Since 2010 the Cupola of the ISS has allowed for a wealth of intricate images of Earth from orbit.

====Notable images of Earth from space====

| Year | Event | Image | Refs |
| 1967 | 10 November 1967: NASA's first full-disc, true-color image of Earth, taken by the ATS-3 satellite. The image was used for the cover of the first edition of the Whole Earth Catalog the following year. |  |
| 1968 | Earthrise, taken 12 December 1968, by Apollo 8 astronaut William Anders, shows the Earth rising over the lunar landscape as the first humans reached and orbited the Moon. It quickly became an iconic and enduring symbol of human achievement and exploration. |  |  |
| 1972 | 7 December 1972: the widely used The Blue Marble was taken by the crew of Apollo 17. The photograph's original orientation had south pointed up. |  |  |
| 1990 | 14 February 1990: the Voyager 1 space probe took the Pale Blue Dot photograph of Earth from a record distance of about 6 billion kilometers (3.7 billion miles, 40.5 AU), as part of that day's Family Portrait series of images of the Solar System. Earth appears as a tiny dot within deep space: the blueish-white speck almost halfway up the brown band on the right.
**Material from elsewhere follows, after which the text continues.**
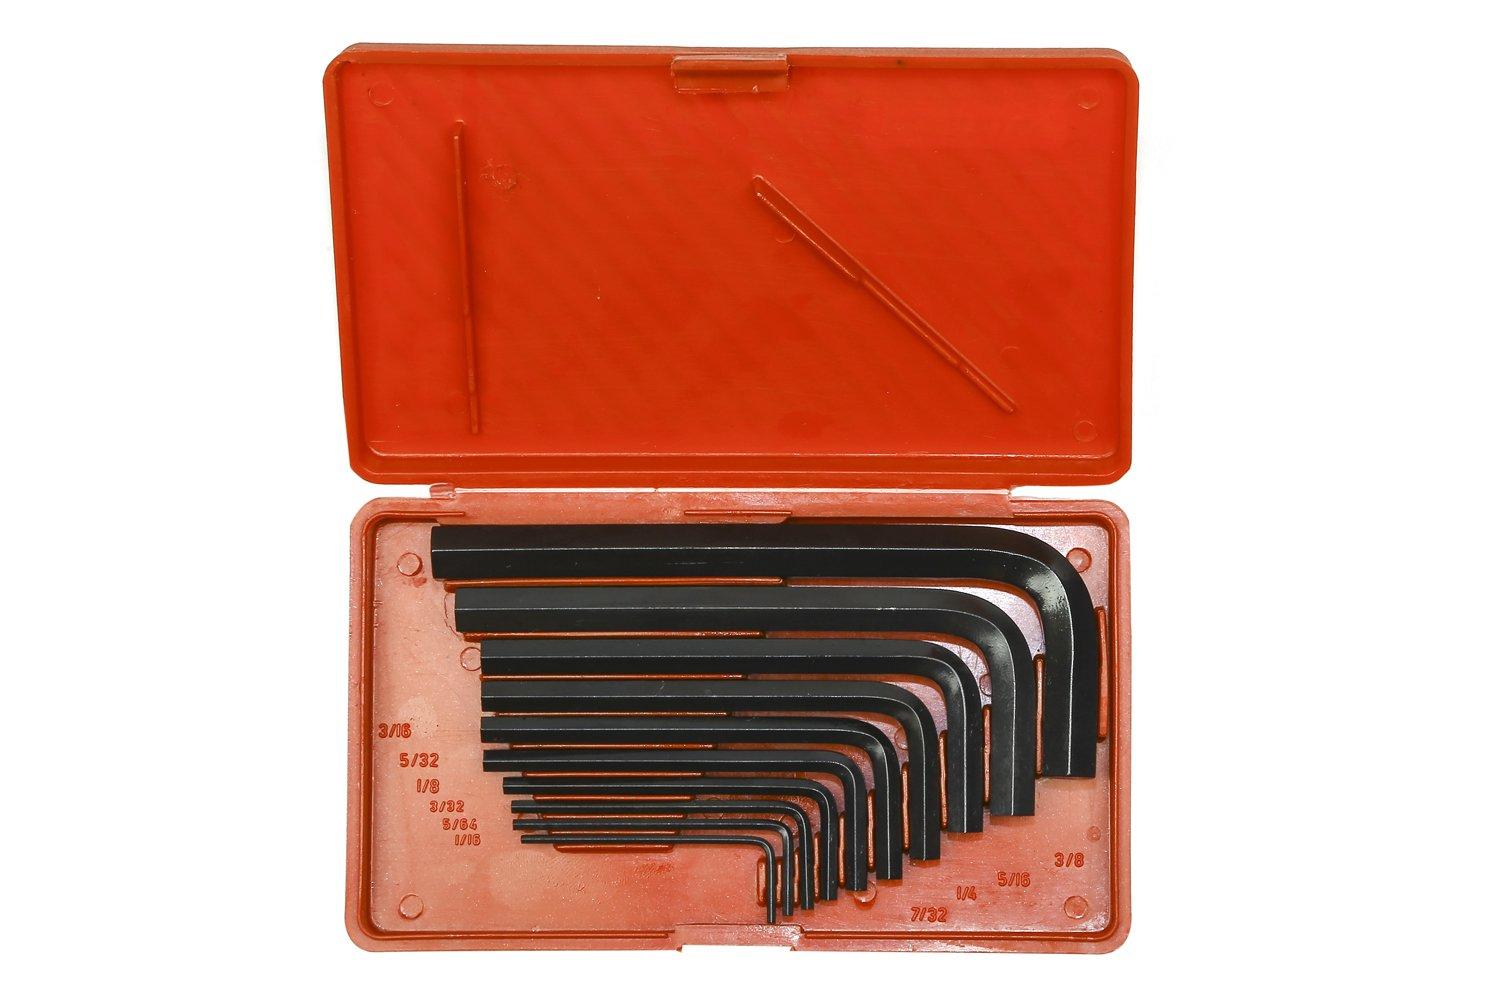 Taparia KI 10V Steel Allen Key Set (Black Finish, Box Packing, Pack of 10) product image

Diagram of the Family Portrait showing the planets' orbits and the relative position of Voyager 1 when the mosaic was captured. |  |  |
| 2010 | Family Portrait - taken in November 2010 by MESSENGER while orbiting Mercury |  |  |
| 2013 | The Day the Earth Smiled - 9 July 2013 photograph of Saturn and Earth |  |  |
| 2026 | Hello, World is a whole-Earth photograph taken by Commander Reid Wiseman on 3 April 2026 during the Artemis II mission, the first taken by a person since The Blue Marble. |  |  |
| 2026 | Earthset was taken on 6 April 2026 by mission specialist Christina Koch of Artemis II during the first crewed mission around the Moon since 1972. |  |  |

====Impact of images of Earth from space====

Over the past two centuries a growing environmental movement has emerged that is concerned about humankind's effects on the Earth. The key issues of this socio-political movement are the conservation of natural resources, elimination of pollution, and the usage of land. Although diverse in interests and goals, environmentalists as a group tend to advocate sustainable management of resources and stewardship of the environment through changes in public policy and individual behavior. Of particular concern is the large-scale exploitation of non-renewable resources. Changes sought by the environmental movements are sometimes in conflict with commercial interests due to the additional costs associated with managing the environmental impact of those interests.